Take a peek at Robert Martensen's calendar, and his schedule might at first glance look like the workaday routine of an academic. Martensen, who has a Ph.D. in history and chairs the Department of the History and Philosophy of Medicine at the University of Kansas, usually starts his day at 8:00 a.m. with committee meetings and student consultations. He then often spends a chunk of time on writing projects—such as working on a book chapter about the 17th-century physician Thomas Willis or preparing for a talk like one he gave recently at the Medical College of Wisconsin titled "Neuroscience During the Scientific Revolution." He probably also has time blocked out to prepare for and conduct a course he teaches on the social basis of medical practice.

But three days a month, at 3:00 p.m., a time when many academics are entering the waning part of a busy day, Martensen, who also holds an M.D. from Dartmouth, abandons the habits of a teacher of the humanities, gets up from his desk, and goes to the hospital, where he starts a 3:00-to- 11:00-p.m. shift in the emergency room.

Thomas Willis might not be as surprised as we are today at what appear to be competing interests in Martensen's day— medicine and the humanities. And maybe that is why Martensen's academic specialty is the 17th century—a time when Aristotle and Hippocrates and Sir Thomas More were as integral to the study of medicine as was William Harvey's theory on the circulation of blood. The ER provides Martensen with a rich environment in which to watch the evolution of medical thought at work. How does the blood circulate? What is the nature of the brain? Why do we think about the body the way that we do? Whose idea was it? What accepted way of thinking did it replace, and why?

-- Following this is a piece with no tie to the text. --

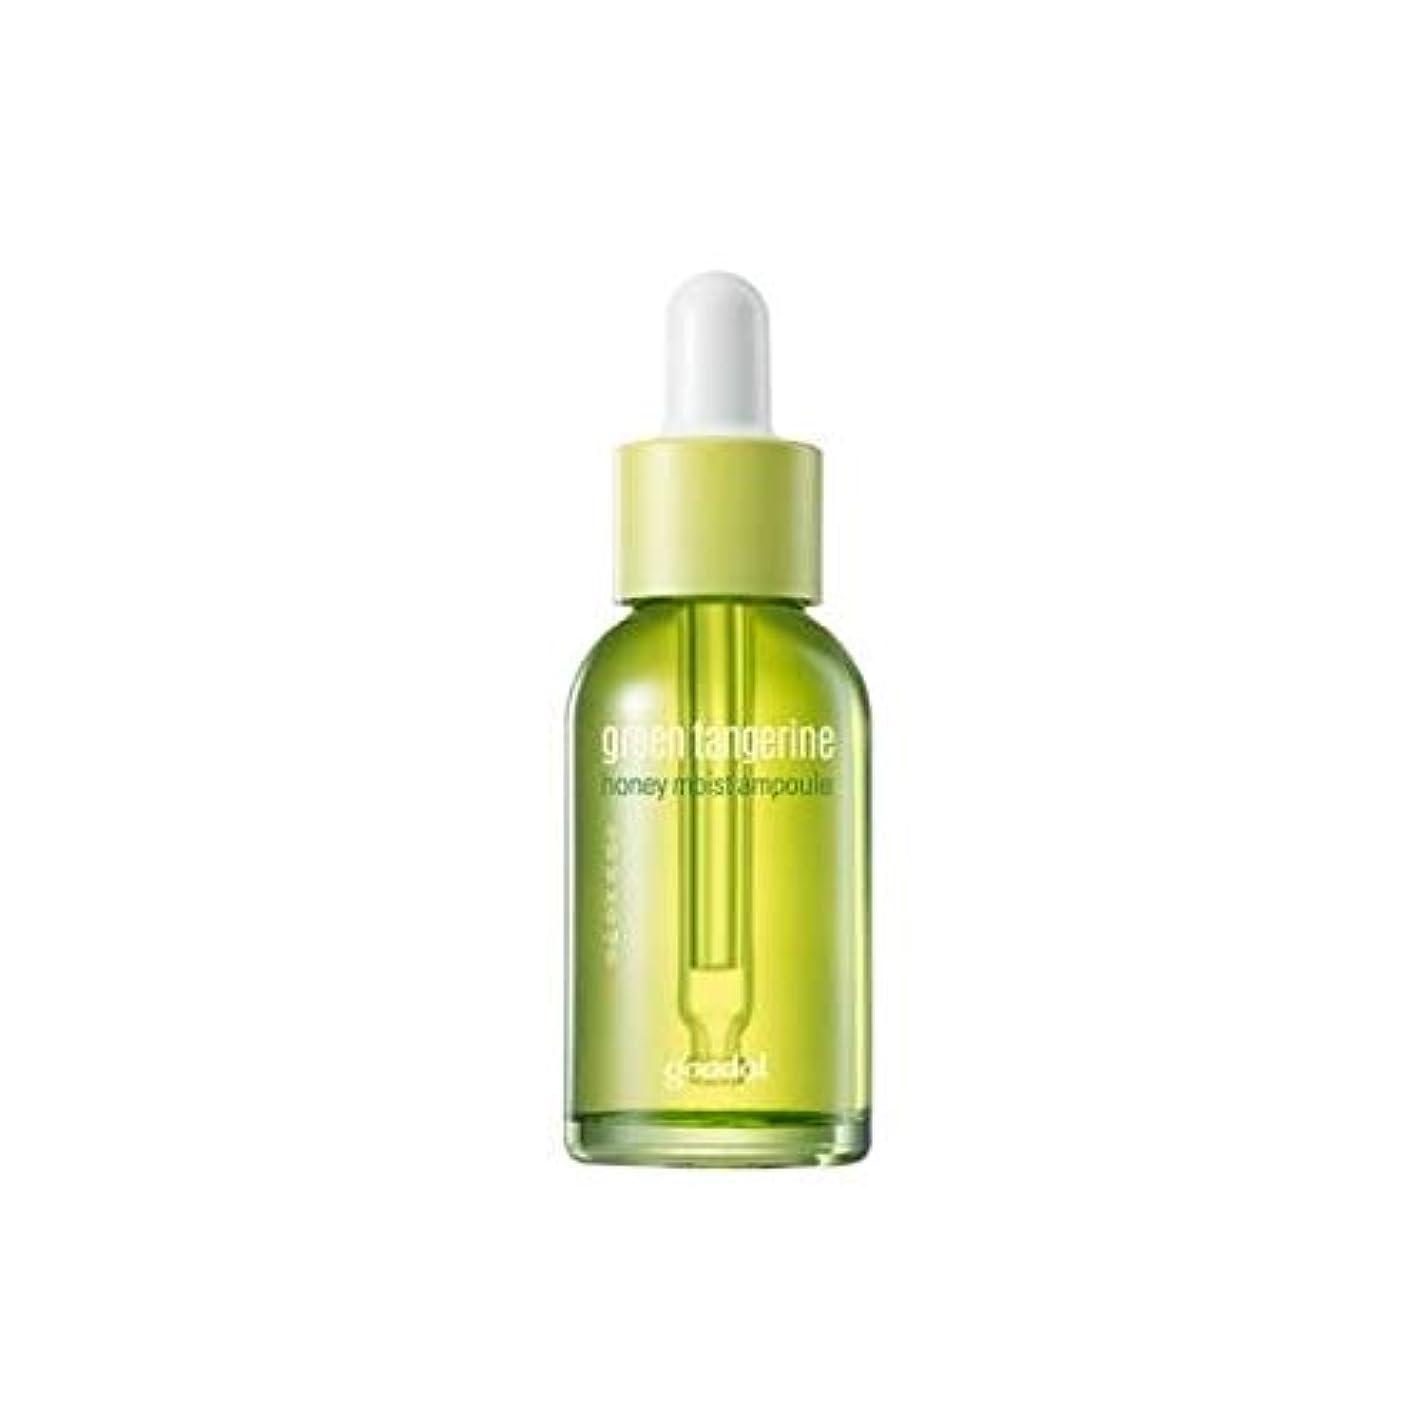 モンスターむちゃくちゃエクスタシーGoodal Green Tangerine Honey Moist Ampule グーダル チョンギュル(青みかん) ハニー モイスト アンプル 30ml [並行輸入品]

For early medical scholars, answers to the great questions of the day originated in the humanities. Likewise, for Martensen, his first career impulse was the arts. He graduated from Harvard in visual and environmental studies in 1969. His first job out of college was teaching secondary- school art. Then he dropped out of the mainstream for a time and ended up as a janitor in the operating room of a New Mexico hospital. "That experience taught me something about how hospitals work," he says. "I decided to go to medical school."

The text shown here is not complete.